The original experimental data used in this paper are from the attachment of Question C of the 2022 Higher Education Community Cup National Mathematical Contest in Modeling for College Students¹⁶. All the datasets used in this study are provided in Supplementary Tables S1–S3, which collectively document the provenance, typology, and chemical composition of the analyzed ancient glass samples. The descriptive metadata, including the cultural relic number, decorative motif (emblazonry), glass type (such as high-potassium or lead-barium), color, and surface-weathering condition (before or after weathering), are listed in Supplementary Table S1. These categorical attributes serve to contextualize each artifact and provide a qualitative framework for subsequent compositional interpretation. Supplementary Table S2 presents the quantitative elemental compositions (wt%) of the samples used to construct the classification model, encompassing major, minor, and trace oxides—SiO₂, Na₂O, K₂O, CaO, MgO, Al₂O₃, Fe₂O₃, CuO, PbO, BaO, P₂O₅, SrO, SnO₂, and SO₂. This dataset represents the analytical foundation for distinguishing technological groups and glass-making traditions. Finally, Supplementary Table S3 includes compositional measurements of unclassified or newly examined glass specimens, recorded with the same chemical parameters and contextual information. These data were employed to test and validate the performance of the classification model, thereby bridging the analytical dataset with its archeological application.

Symbol description

Handling missing values in compositional glass data

The original dataset comprises various feature data, including elemental compositions, derived from ancient Chinese glass samples and obtained through instrumental analysis or manual inspection. Owing to potential inaccuracies caused by measurement errors, environmental weathering, and sample degradation, data preprocessing is essential to ensure the reliability and consistency of subsequent mathematical modeling and machine learning analyses.

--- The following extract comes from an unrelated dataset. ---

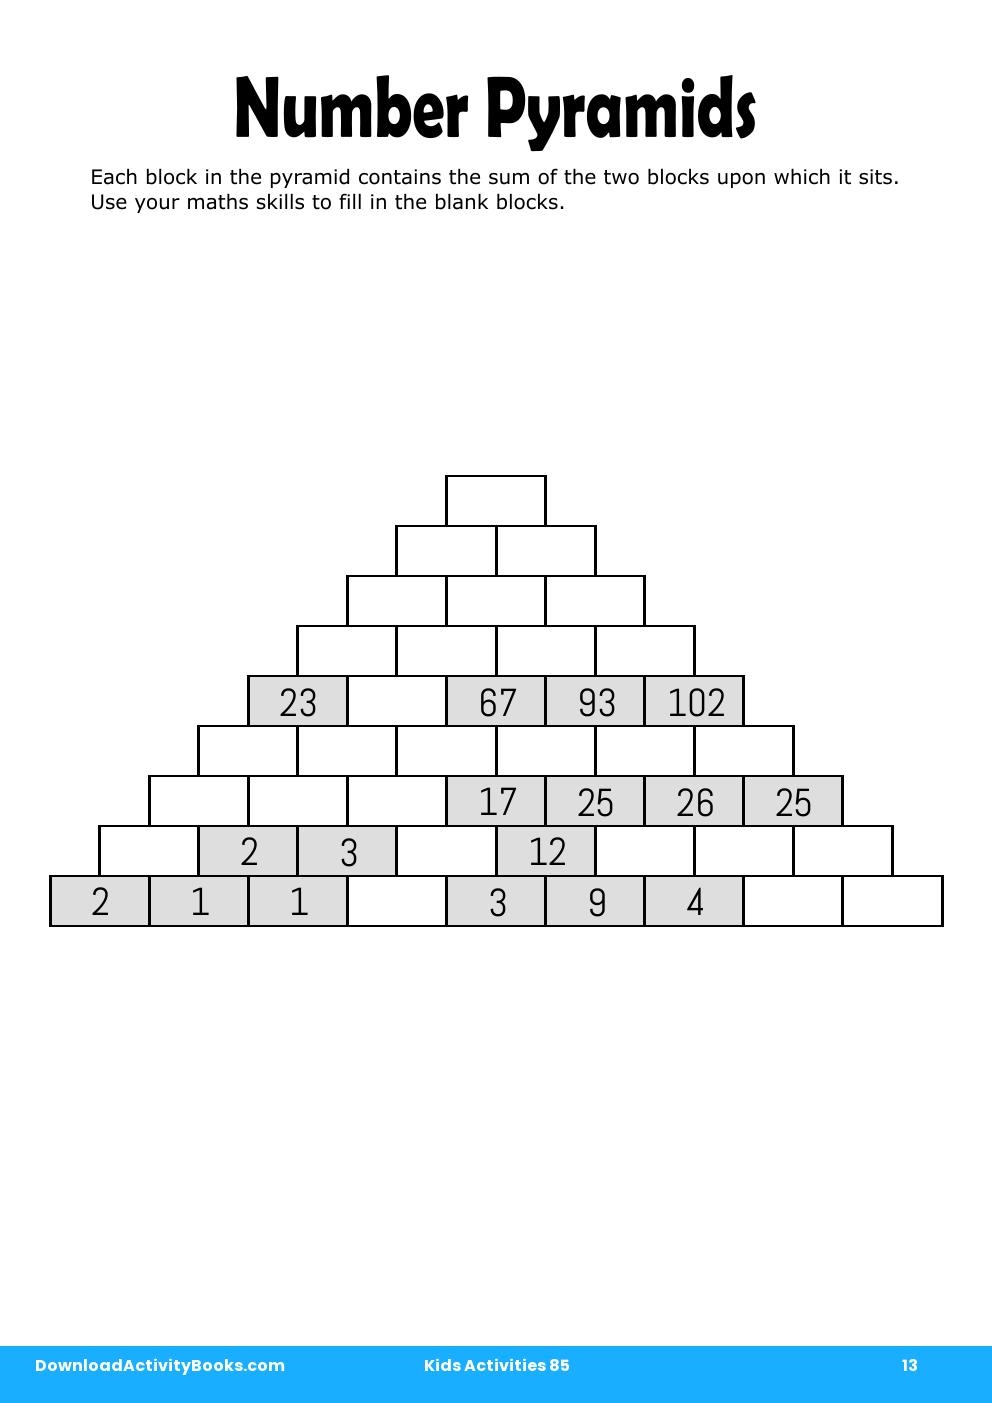 Number Pyramids in Kids Activities 85

In Supplementary Table S1, the color of samples 19, 40, 48, and 58 is missing. The after-weathering lead-barium glasses numbered 19 and 48 belong to emblazonry A, and samples 40 and 58 belong to emblazonry C. The modes of the colors of these two types of samples in Supplementary Table S1 are ‘light blue’, and the missing color is filled with ‘light blue’. The values of some chemical components in Supplementary Tables S2, S3 are missing; the reason may be that the content of the component is low, and the instruments, therefore cannot detect it. It is also possible that there is no chemical component in the sample, although this case corresponds to two different situations. Hence, for the convenience of analysis, it is regarded as the same class. Moreover, because it is necessary to take the logarithm of the chemical composition data and then perform the central log-ratio Transformation, the missing null value of the component data is 0, or the component that is not detected is replaced by a smaller positive number, 0.0001.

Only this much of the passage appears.